The most popular procedure for providing a barrier to the access of termites to buildings or other structures supported in or on the ground is to saturate the ground beneath or around the structure with appropriate chemicals, to kill any existing termites, and to provide a residue of the chemical within the ground which will remain effective for many years against the passage of termites therethrough to the structure. It has been proposed in published patent specifications to provide a mat of fibrous or absorbent material to be laid below the foundations of a building with the fibre or porous material saturated with, or containing an appropriate chemical which will kill termites that attempt to pass therethrough. Refer to published Australian Patent Application Nos. 85176/82, 11412/83, 16980/83 and 21934/84.
These methods of termite control have the major disadvantage as the chemicals are usually of a composition that is considered highly dangerous to humans and thus constitute a hazard to the people applying the chemicals and to other people in the vicinity. Under some atmospheric conditions, the chemicals can be carried considerable distances from the area where they are being applied. Thus people unaware of the presence of the chemicals, and thus not alerted to take protective action, may also be exposed to the potential danger of the chemicals used to control termites. The danger continues to exist after the initial application of the chemical so long as the chemical remains effective against the termites.
Also, as it is necessary to establish a high concentration of the chemical in the ground beneath where the building is to be built in order to obtain the required period of protection against termite entry to the building, leaching of the chemical will occur over time. This leaching will naturally reduce the effectiveness of the chemical as a barrier to the termites. As the chemical in many instances is initially placed beneath a concrete slab upon which the building is erected, it is very difficult to apply further chemical to replace that removed by the leaching and so maintain an effective barrier. Even more importantly, chemicals leached from the ground beneath the building are carried by the leaching water into other areas where it may be hazardous to humans, animals or crops. Also the leached chemical can enter rivers, streams or lakes or underground water catchments which can potentially spread the chemicals over a very wide area thus increasing the potential exposure to the chemical. It will also be appreciated that the chemicals leached from building sites over a relatively wide area can collect in a single river, stream or other catchment, thus resulting in an accumulation of chemicals that break down very slowly.

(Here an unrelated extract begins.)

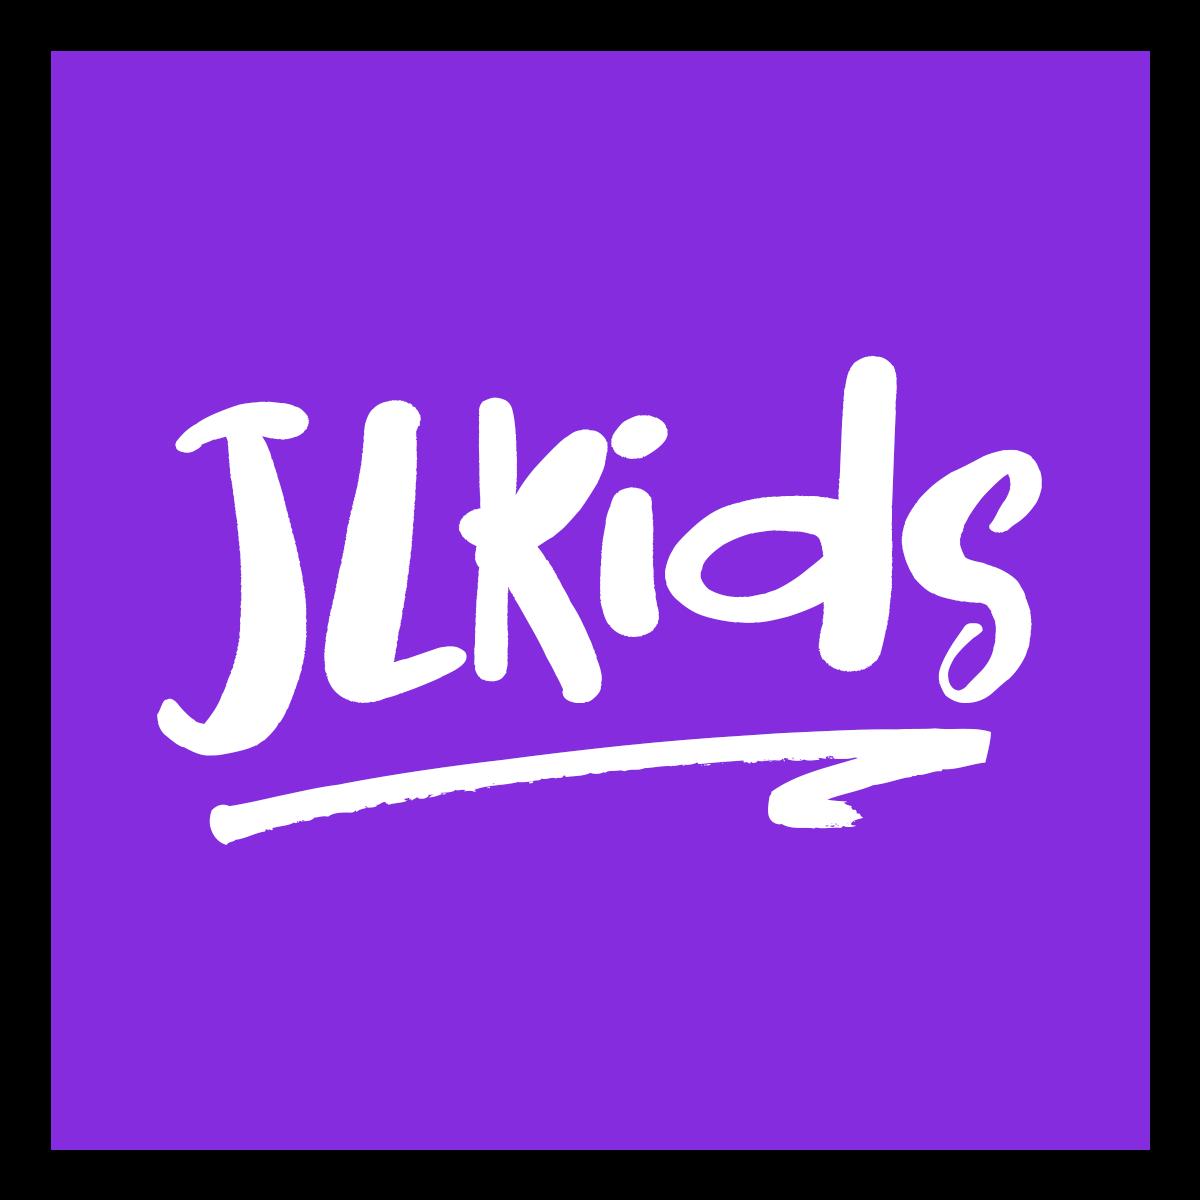 jl kids

Many buildings, particularly homes, are built on a slab of concrete and although termites can normally not penetrate concrete, cracks frequently develop in the concrete thus permitting the passage of termites therethrough into the building. Even when the cracks are of a fine nature, they do provide the facility for the termites to burrow through the concrete by secreting materials which will break down the concrete along the fine cracks and thus permit the termites to burrow therethrough.
Also, in buildings erected on a concrete slab, it is common practice to provide pipes or conduits that extend through the concrete slab, such as water and waste pipes. As the concrete is cast in situ about these pipes or conduits, a small opening often develops about the pipe or conduit due to shrinkage of the concrete during curing.

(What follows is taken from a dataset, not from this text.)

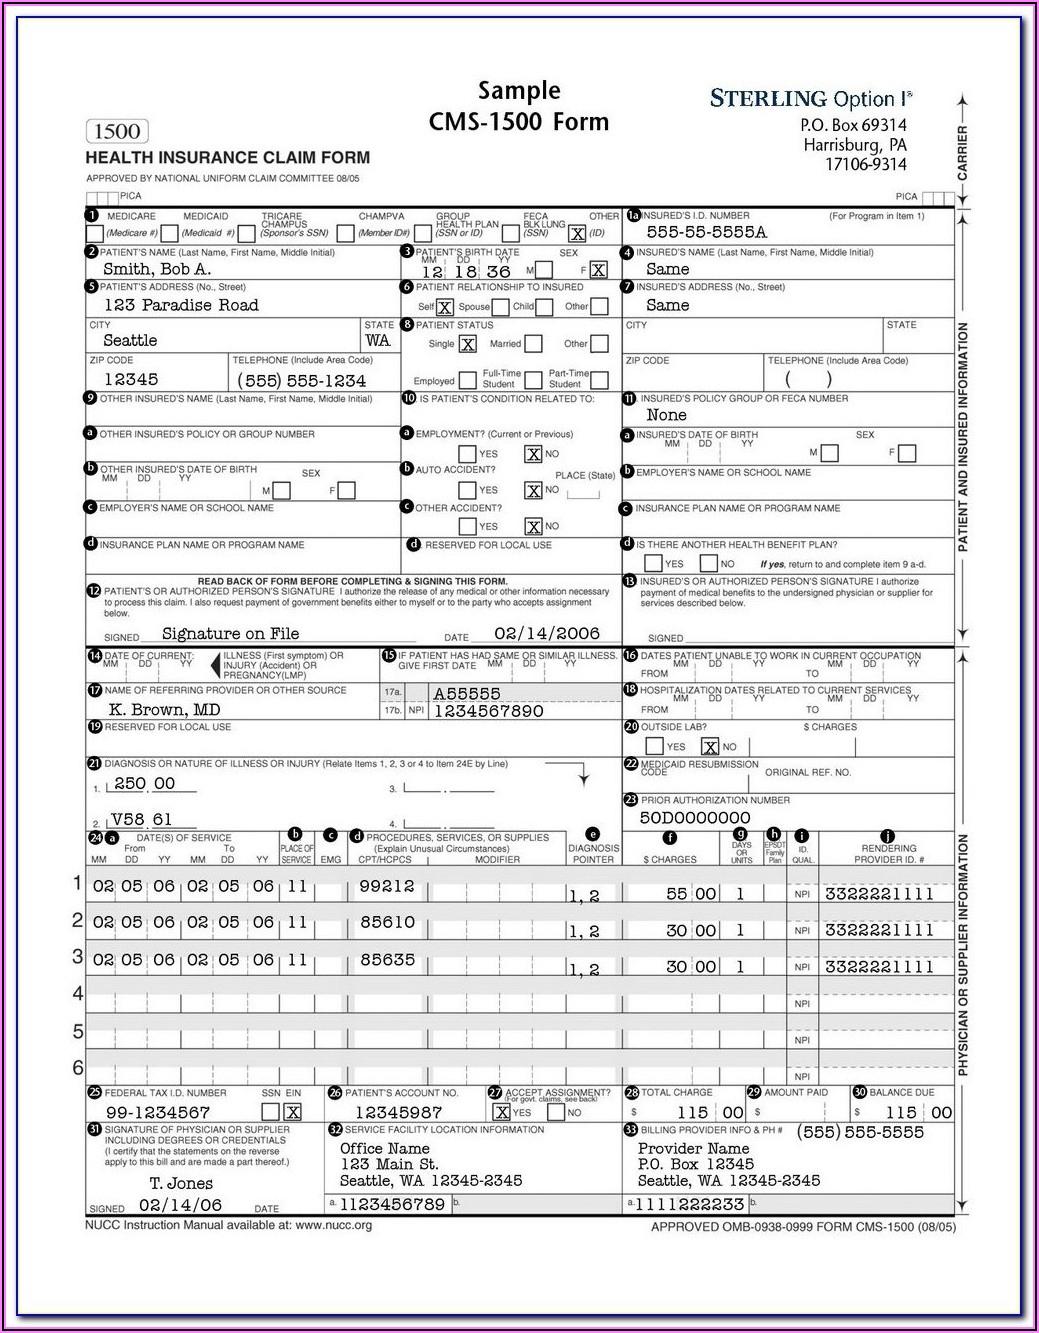 Health Insurance Claim Form Hcfa 1500

These openings also provide access for termites through the concrete into the building structure. Thus even where a building is erected on a concrete slab, the ground beneath the slab must be treated with substantial quantities of chemicals to prevent access by termites to these openings.
It has also been known to use sheet metal as a barrier to termites such as galvanized steel plates on the top of stumps that support a building. Although this may be effective and commercially viable in relation to a building supported on stumps, it is expensive and has installation problems when considered in respect to a building supported on a concrete slab. Sheet metal is difficult to join on-site in a manner to exclude passage of termites through the joint. Also, if the metal sheet is sufficiently strong to prevent accidental puncture by workman traffic on-site, it is then difficult to bend and shape to the required contours to fit with the building structure in a manner to provide an effective termite barrier. It would also be difficult to achieve an effective seal around pipes or conduits that must pass through the sheet.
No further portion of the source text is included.